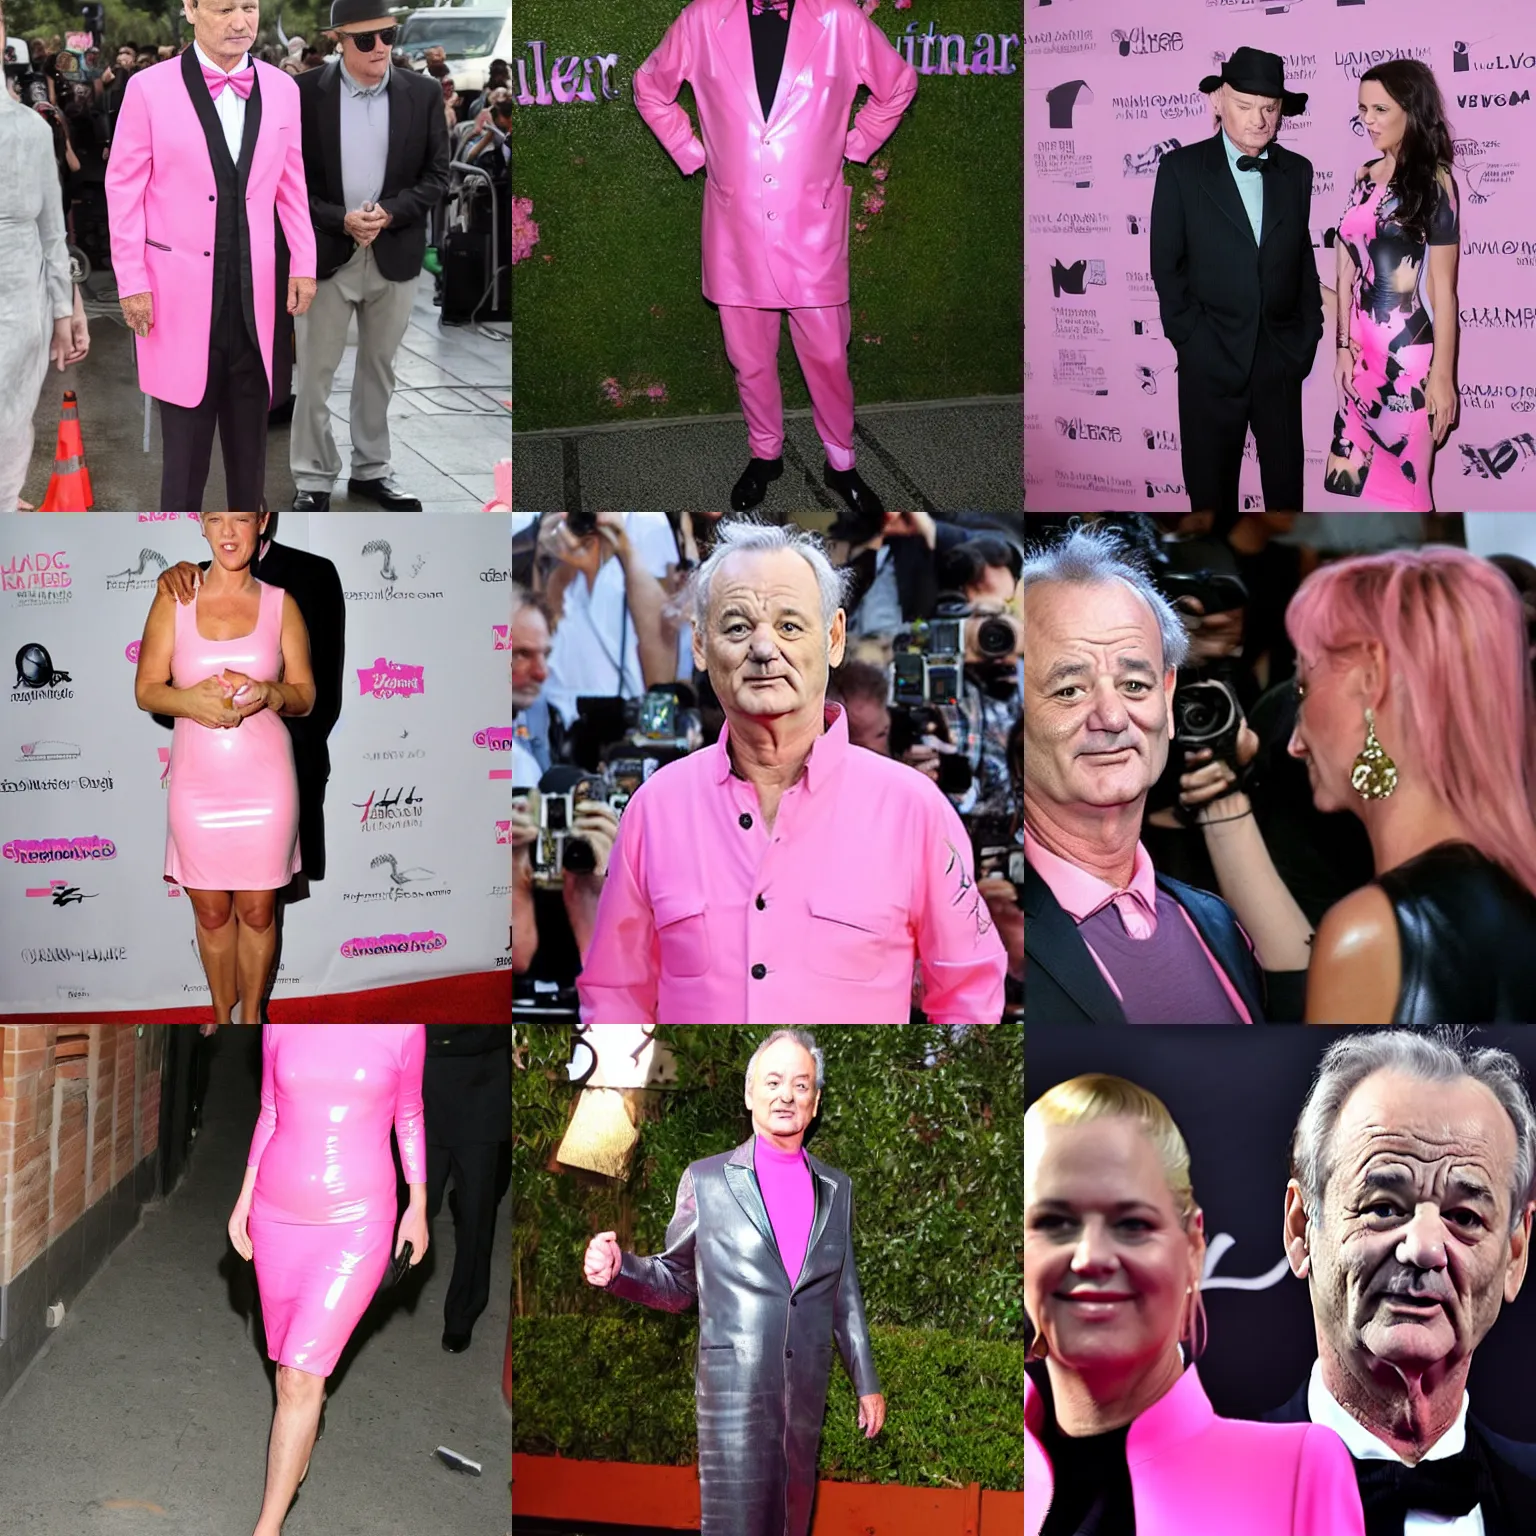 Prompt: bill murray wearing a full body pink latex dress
...
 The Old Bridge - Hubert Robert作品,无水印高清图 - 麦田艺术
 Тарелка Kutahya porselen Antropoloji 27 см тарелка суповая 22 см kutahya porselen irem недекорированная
--
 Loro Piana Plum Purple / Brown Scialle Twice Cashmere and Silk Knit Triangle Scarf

**Task directions**: The response should be the listing above, limited to the lines between the one holding "The Old Bridge" and the one holding "Тарелка Kutahya porselen", inclusive, reproduced exactly.

**Exercise solution**:
 The Old Bridge - Hubert Robert作品,无水印高清图 - 麦田艺术
 Тарелка Kutahya porselen Antropoloji 27 см тарелка суповая 22 см kutahya porselen irem недекорированная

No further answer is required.